Bref, ennui, ennui, ennui...

Scott McCloud, Le Sculpteur (The Sculptor), Rue de Sèvres, 2015. Traduit de l'anglais (Etats-Unis) par Fanny Soubiran. 

samedi 25 juillet 2015

Pretty Reckless de Jodi Linton


Présentation
Laney Briggs est lieutenant au bureau du shériff à Pistol Rock, petite bourgade du Texas où l'on a, comme il se doit, la gâchette facile. Elle doit épouser le parfait Nathan, vétérinaire local, qui lui a fait oublier ou presque l'histoire douloureuse avec Gunner Wilson. Alors qu'elle est envoyée sur le lieu d'une altercation sur fond d'arme à feu entre deux cow-boys pour une histoire de bétail mort, elle découvre un cadavre. Sur ces entrefaites, arrive en ville le Ranger... Gunner Wilson, venu enquêter sur une affaire de Kétamine.

Ce que j'en pense
C'est au hasard de mes pérégrinations sur le net que j'ai entendu parler de cette série des Laney Briggs, recommandée aux amateurs de Janet Evanovich: vous pensez si cela m'a intriguée, et bien que la série n'ait pas été traduite en français, je me suis laissée tenter. En dépit de quelques réserves, je suis assez emballée pour dire que je lirai le deuxième volume. 
Mes réserves portent sur deux points :
- oui, il y a quelque chose de l'univers de Janet Evanovich dans le côté polar léger pour poulettes (car la cible me semble clairement féminine), mais dans ce premier tome tout au moins, l'ensemble est moins barré et moins drôle que les Stephanie Plum. 
- l'intrigue était un brin prévisible. Je ne veux pas dévoiler l'histoire plus avant, mais disons que c'est un livre américain: il fallait qu'une certaine morale soit sauve sans contrevenir aux pulsions et sentiments de l'héroïne. Pour cela, il n'y avait qu'une solution (narrative et morale). Je n'en dis pas plus.
Néanmoins, ces deux réserves étant énoncées, je précise que j'ai aimé, que j'ai pris grand plaisir à lire ce roman. Sur la première réserve, je dirais qu'il y a du potentiel, que ce soit du côté du collègue de Laney, du tenancier de bar/empailleur de bêbêtes/coroner, de Boomer ou des parents de Laney. Quant au caractère prévisible de l'intrigue, il ne m'a pas gênée, la solution adoptée m'allait parfaitement...
Pour le reste, j'ai aimé le caractère dépaysant de ce Texas profond, tout en chaleur et poussière, j'ai aimé l'héroïne au caractère bien trempé, peu complaisante envers elle-même, une fille qui en a juste assez pour être comme j'aime, dans un Texas tout de même archi-machiste. J'ai aimé tout de suite Gunner Wilson, malgré son côté "pushy" un peu dérangeant au début. 
Bref, des personnages adoptés d'emblée, un univers riche de promesses, une intrigue qui se tient et qui me tient éveillée, que du bonheur, quoi!

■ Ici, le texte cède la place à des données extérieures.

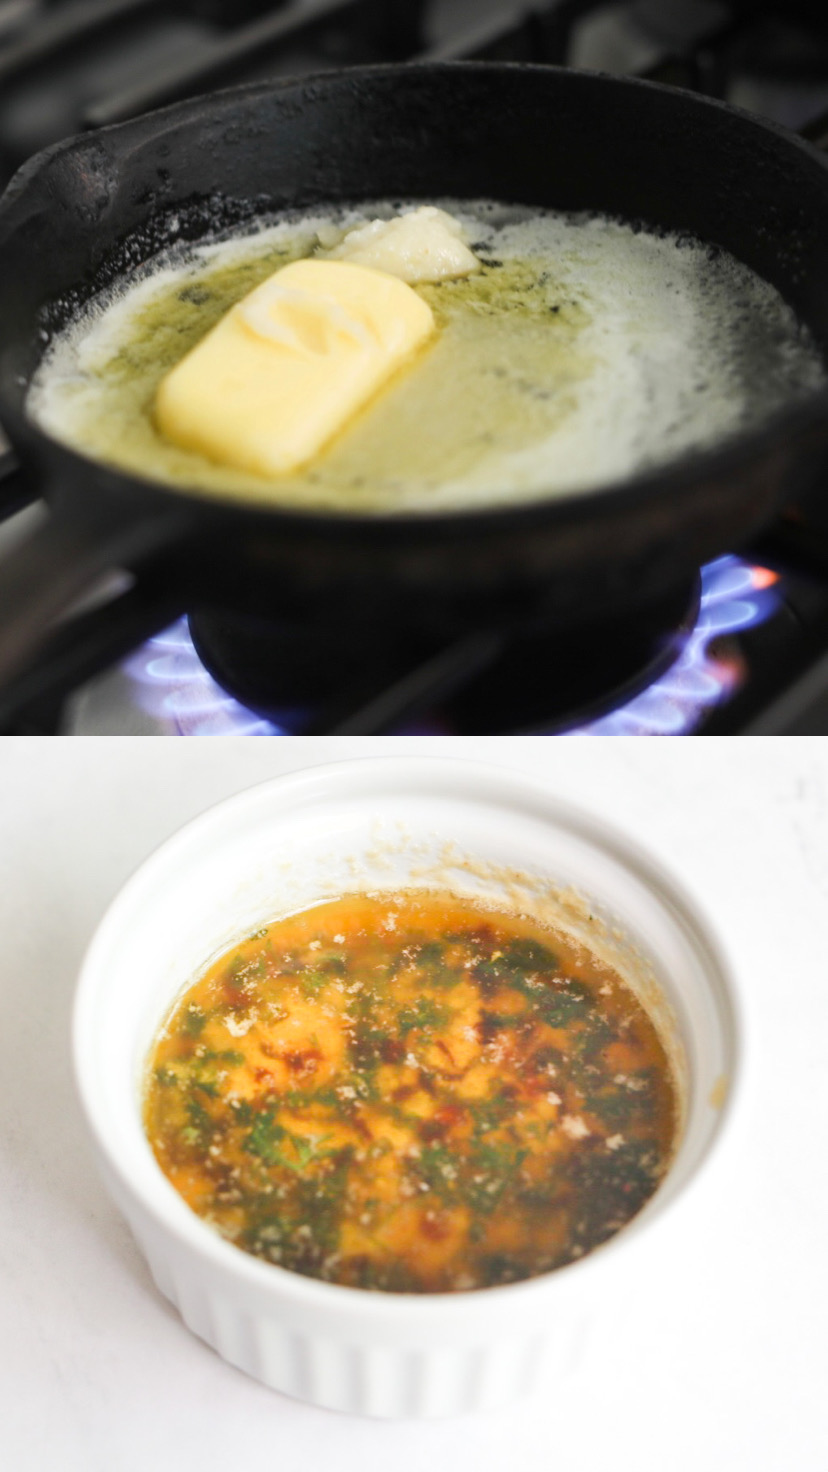 Garlic butter sauce image collage. Top image with melting butter in a black cast iron skillet, bottom image is cooked garlic butter sauce in a white ramekin.

Jodi Linton, Pretty Reckless, Entangled Publishing, 2014. Disponible en e-book.


jeudi 23 juillet 2015

Demain est une autre vie de Thierry Serfaty


Présentation
Jamie Byrnes se réveille après un cauchemar très évocateur dans lequel il a un accident de voiture. Il ne reconnaît ni la femme aimante et belle qui est à ses côtés, ni les deux beaux enfants qui les rejoignent pour le petit-déjeuner. 

Ce que j'en pense
Dans l'opération "Faisons baisser cette PAL nom d'une pipe", et lors d'une nuit étouffante où je guettais (en vain) la pluie annoncée, je me suis saisie d'un polar qui traînait là depuis des mois et des mois, fruit d'un cadeau bien intentionné mais mal avisé. Mal avisé car Demain est une autre vie de Thierry Serfaty s'annonçait d'emblée comme un thriller, genre que je ne goûte guère, comme vous le savez. Mais bon, j'avais besoin d'un polar fastoche, pas dérangeant: allons-y. 
J'ai eu mon compte et moins encore, si vous me permettez de le dire ainsi. Oh, Thierry Serfaty (que je ne connais même pas de nom) ne démérite pas vraiment, il fait le job, comme on dit. C'est du thriller comme je n'aime pas, voilà tout: une bonne idée de récit mais une thématique vue et revue (l'amnésie, le coma), des rebondissements et même des retournements incessants en veux-tu en voilà (et j'ai horreur de ça, ça m'agace et je trouve ça facile), un coupable archi-prévisible, la fuite d'un héros injustement accusé et victime d'une machination diabolique (what else?), un happy end bien rassurant. Ah! les déconvenues liées aux écrits convenus... 
C'est le genre de livre dont je viens à bout un peu distraitement, juste pour vérifier que j'avais raison de ne pas aimer. Encore une fois, Thierry Serfaty n'est pas en cause et maîtrise bien son histoire : il manque d'originalité tout au plus. Mais ces machines bien huilées que sont les thrillers sans grande imagination m'ennuient par leur côté mécanique, précisément, et parce qu'ils n'ont rien à dire, mais alors, rien de rien. 
Voilà, un titre de moins dans ma PAL. Et dans ma bibliothèque tant qu'on y est. Ceci dit, un autre roman de l'auteur m'y attend (même cadeau, évidemment). Là tout de suite je n'ai pas très envie, mais qui sait? J'aimerai peut-être.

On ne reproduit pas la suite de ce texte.